Middlesex County Sheriff
- In office 1970–1980
- Preceded by: Howard W. Fitzpatrick
- Succeeded by: Edward Henneberry

Personal details
- Born: August 12, 1929
- Died: March 20, 1994 (aged 64)
- Party: Democratic (before 1964) Republican (1964–1994)

= John J. Buckley (sheriff) =

American politician

John J. Buckley III (August 12, 1929 - March 20, 1994) was an American politician who served as Sheriff of Middlesex County Massachusetts from 1970 to 1980.

==Early life==
Buckley graduated from Malden High School and went on to earn a business degree at Boston College. He left the business world to attend Saint John's Seminary, which he left after two years when he changed his mind about becoming a priest. Buckley then worked as a publishers representative until he entered politics.

==Early political career==
In 1964, Buckley switched from the Democratic Party to the Republican Party when he joined Elliot Richardson's campaign for Lieutenant Governor of Massachusetts.
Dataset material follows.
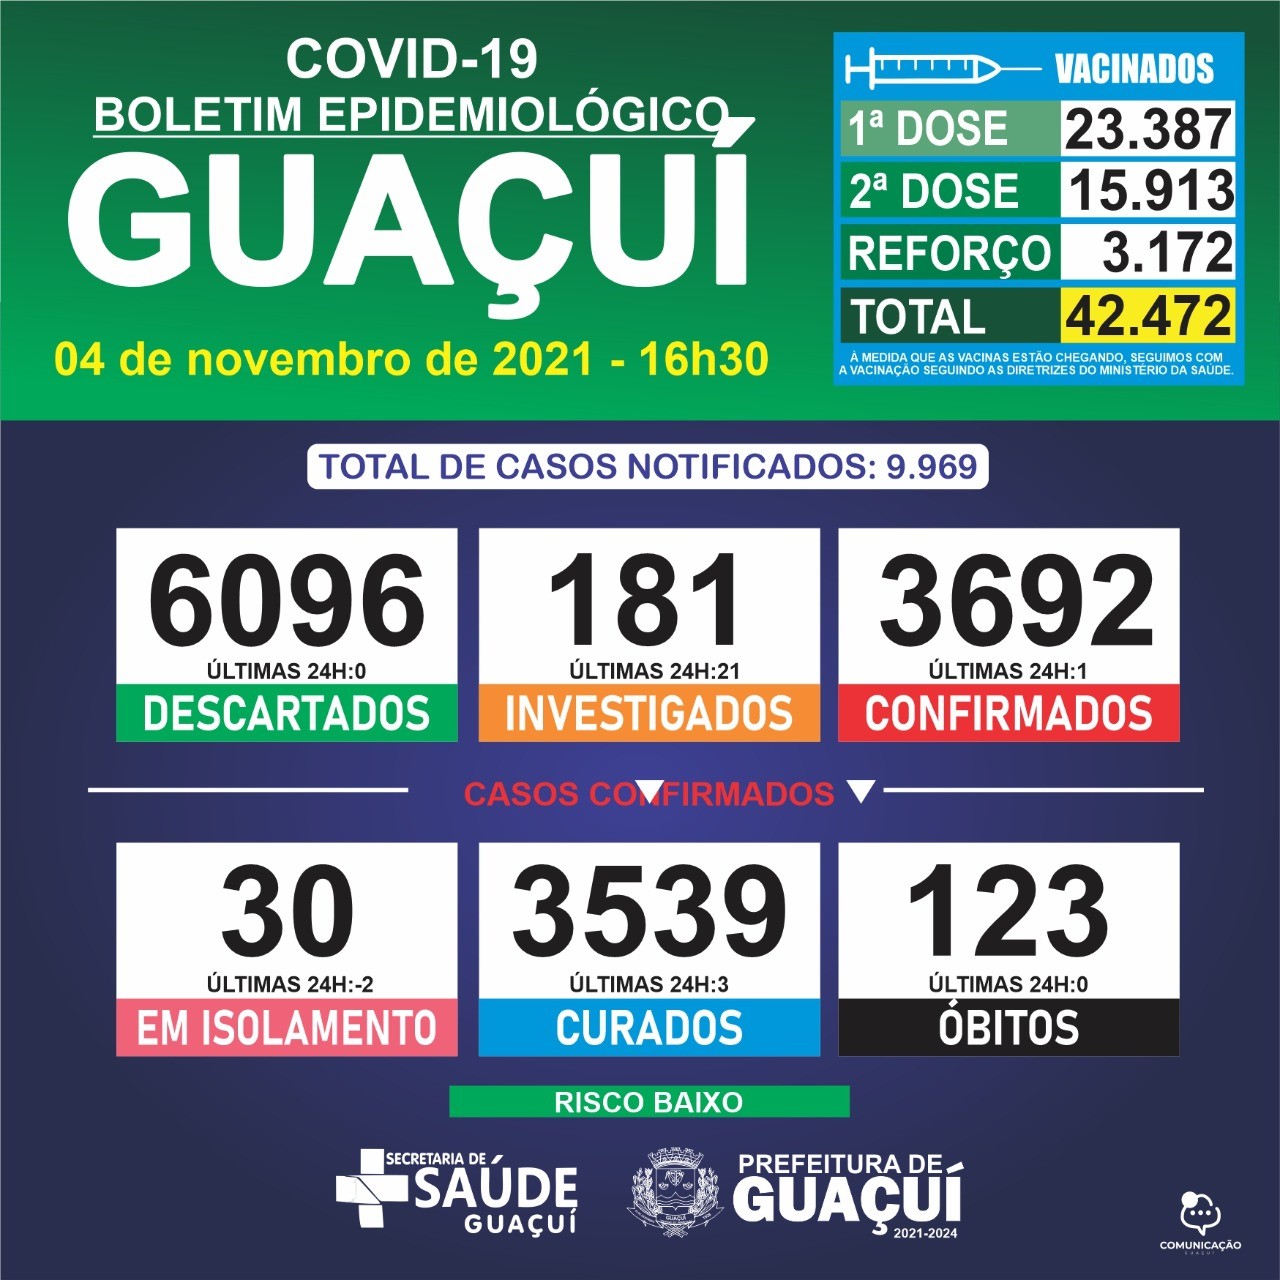 Boletim Epidemiológico 04/11/2021: Guaçuí registra 01 caso confirmado e 03 curados nas últimas 24 horas

In 1966, Buckley was the Republican nominee for Massachusetts State Auditor. He lost to incumbent Democrat Thaddeus M. Buczko 57% to 42%.

==Sheriff==
Buckley was appointed sheriff on April 10, 1970, by governor Francis W. Sargent following the death of Howard W. Fitzpatrick. He defeated John F. Dever, Jr. in a special election to complete Fitzpatrick's term. He was elected to a full term in 1974, defeating Walter J. Sullivan 51% to 49%.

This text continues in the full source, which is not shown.